# Geological attributes extraction


Author: Thiago Nascimento (thiago.nascimento@eawag.ch)

This notebook is part of an EStreams updated and was used to extract and aggregate the geological attributes from the International Hydrogeological Map of Europe (IHME), version 11 and scale: 1:1,500,000​ shapefile to the catchment boundaries.

* Note that this code enables not only the replicability of the current database but also the extrapolation to new catchment areas. 
* Additionally, the user should download and insert the original raw-data in the folder of the same name prior to run this code. 
* The original third-party data used were not made avaialable in this repository due to redistribution and storage-space reasons.  

## Requirements
**Python:**
* Python>=3.6
* Jupyter
* geopandas=0.10.2
* numpy
* os
* pandas
* rasterio
* time
* tqdm

Check the Github repository for an environment.yml (for conda environments) or requirements.txt (pip) file.

**Files:**
* data/geology/ihme1500_litho12345_ec4060_v12_poly.shp.
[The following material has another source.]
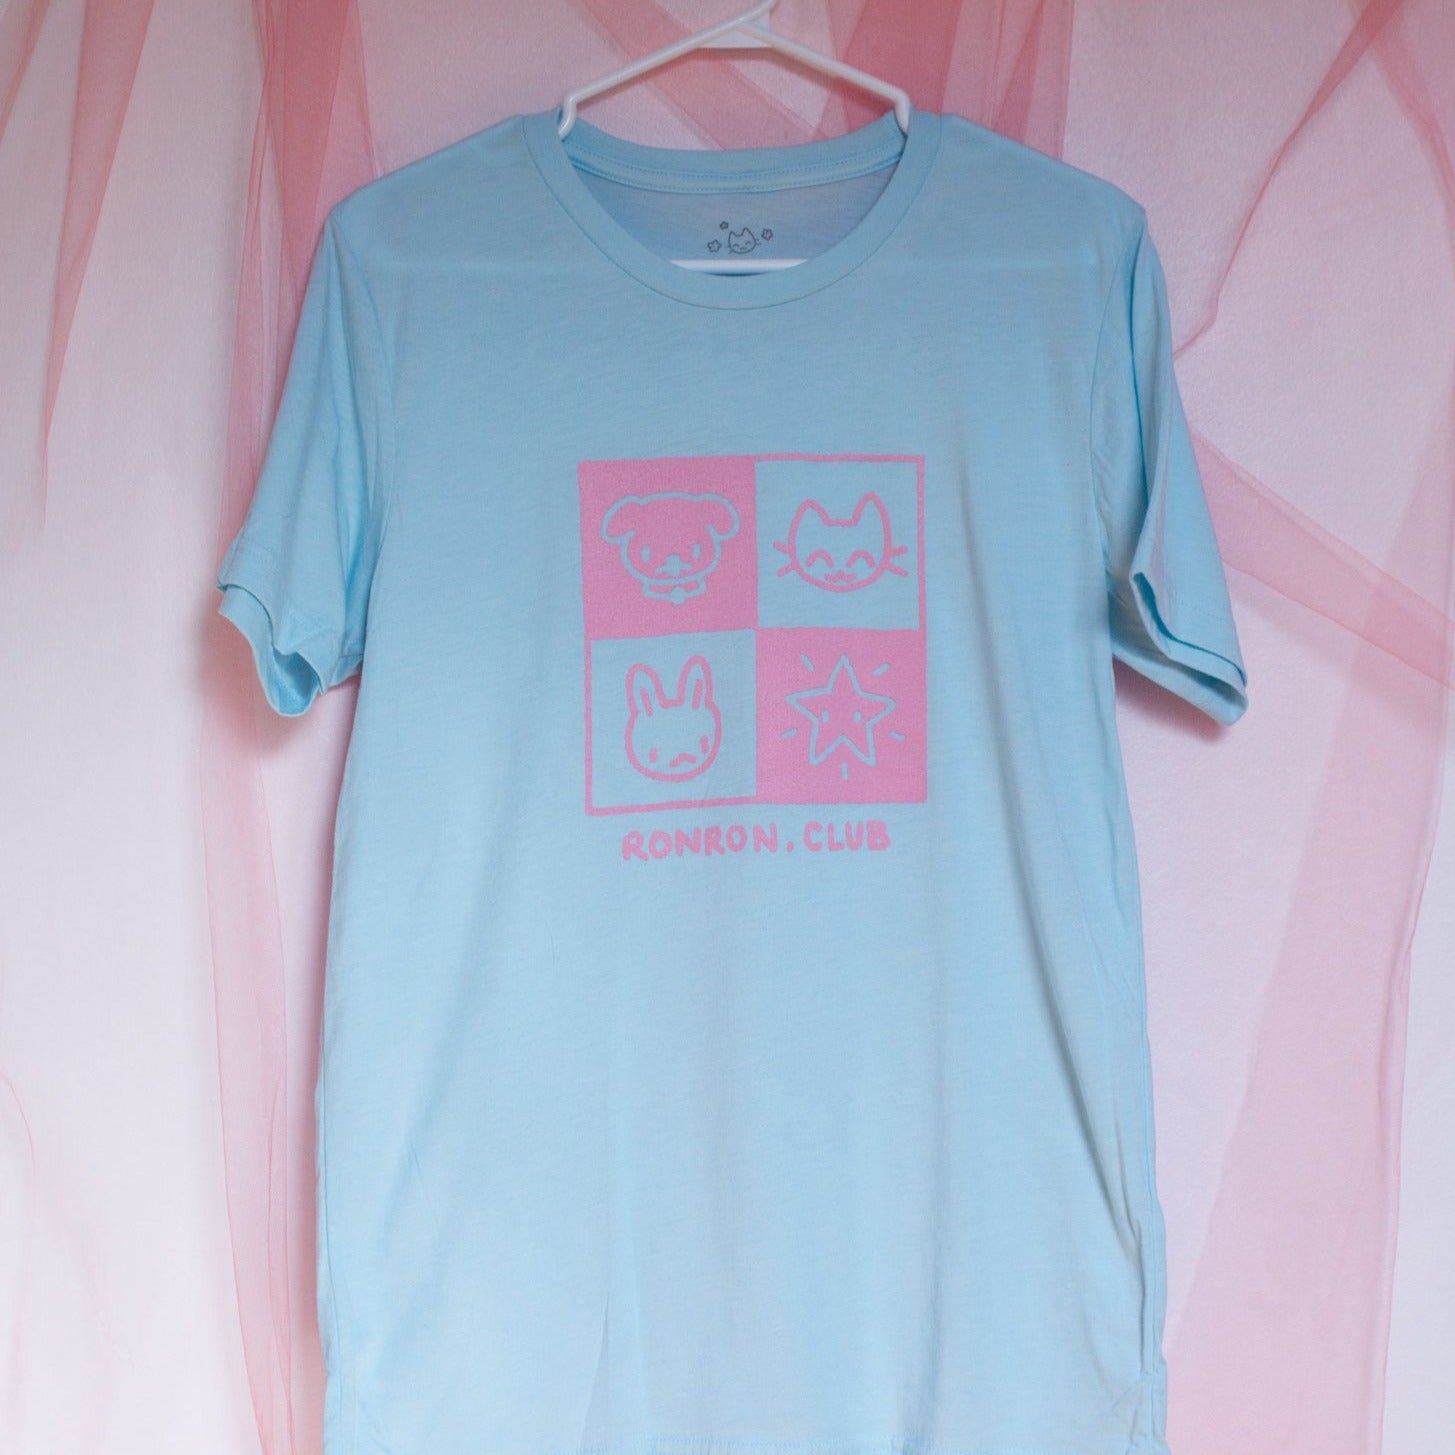 Photo du t-shirt bleu pâle avec imprimé rose "Ronron.club" avec petits animaux et une étoiles
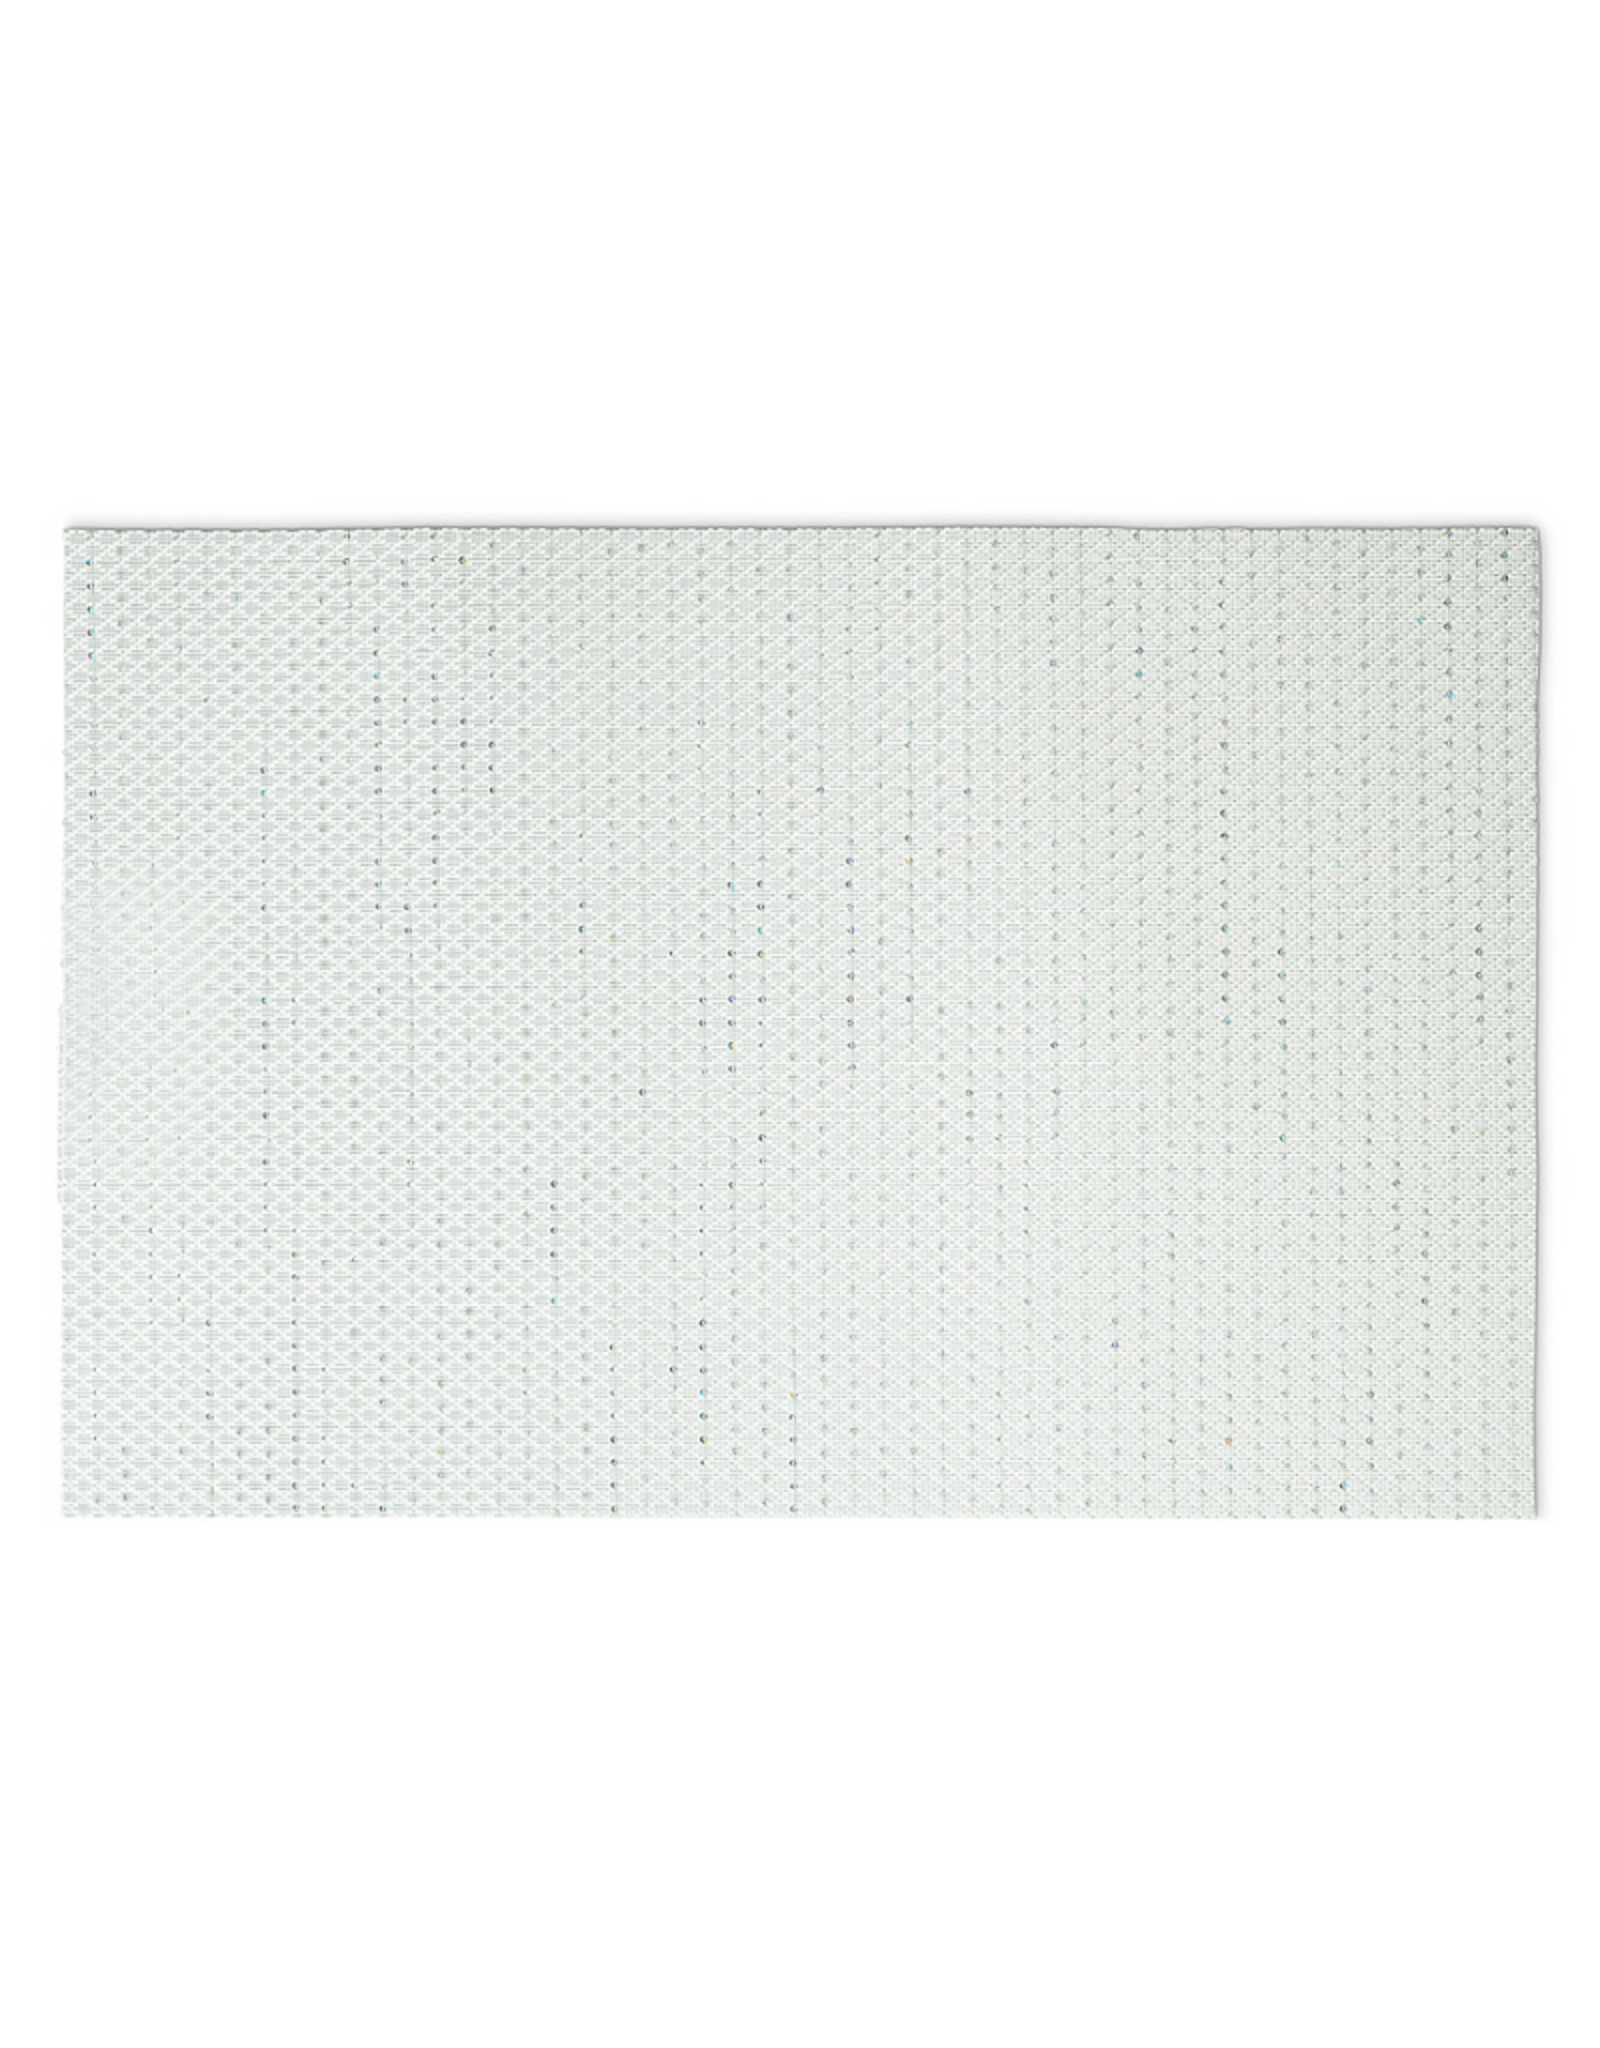 Abbott Napperon 12 x 18" blanc avec paillettes

Available at: www.bgr.bund.de (Last access 23 November 2024)
* data/shapefiles/estreams_boundaries.shp

**Directory:**

* Clone the GitHub directory locally
* Place any third-data variables in their respective directory.
* ONLY update the "PATH" variable in the section "Configurations", with their relative path to the EStreams directory. 

## References

* ​Günther, A., Duscher, K., 2019. Extended vector data of the International Hydrogeological Map of Europe 1:1,500,000 (Version IHME1500 v1.2). 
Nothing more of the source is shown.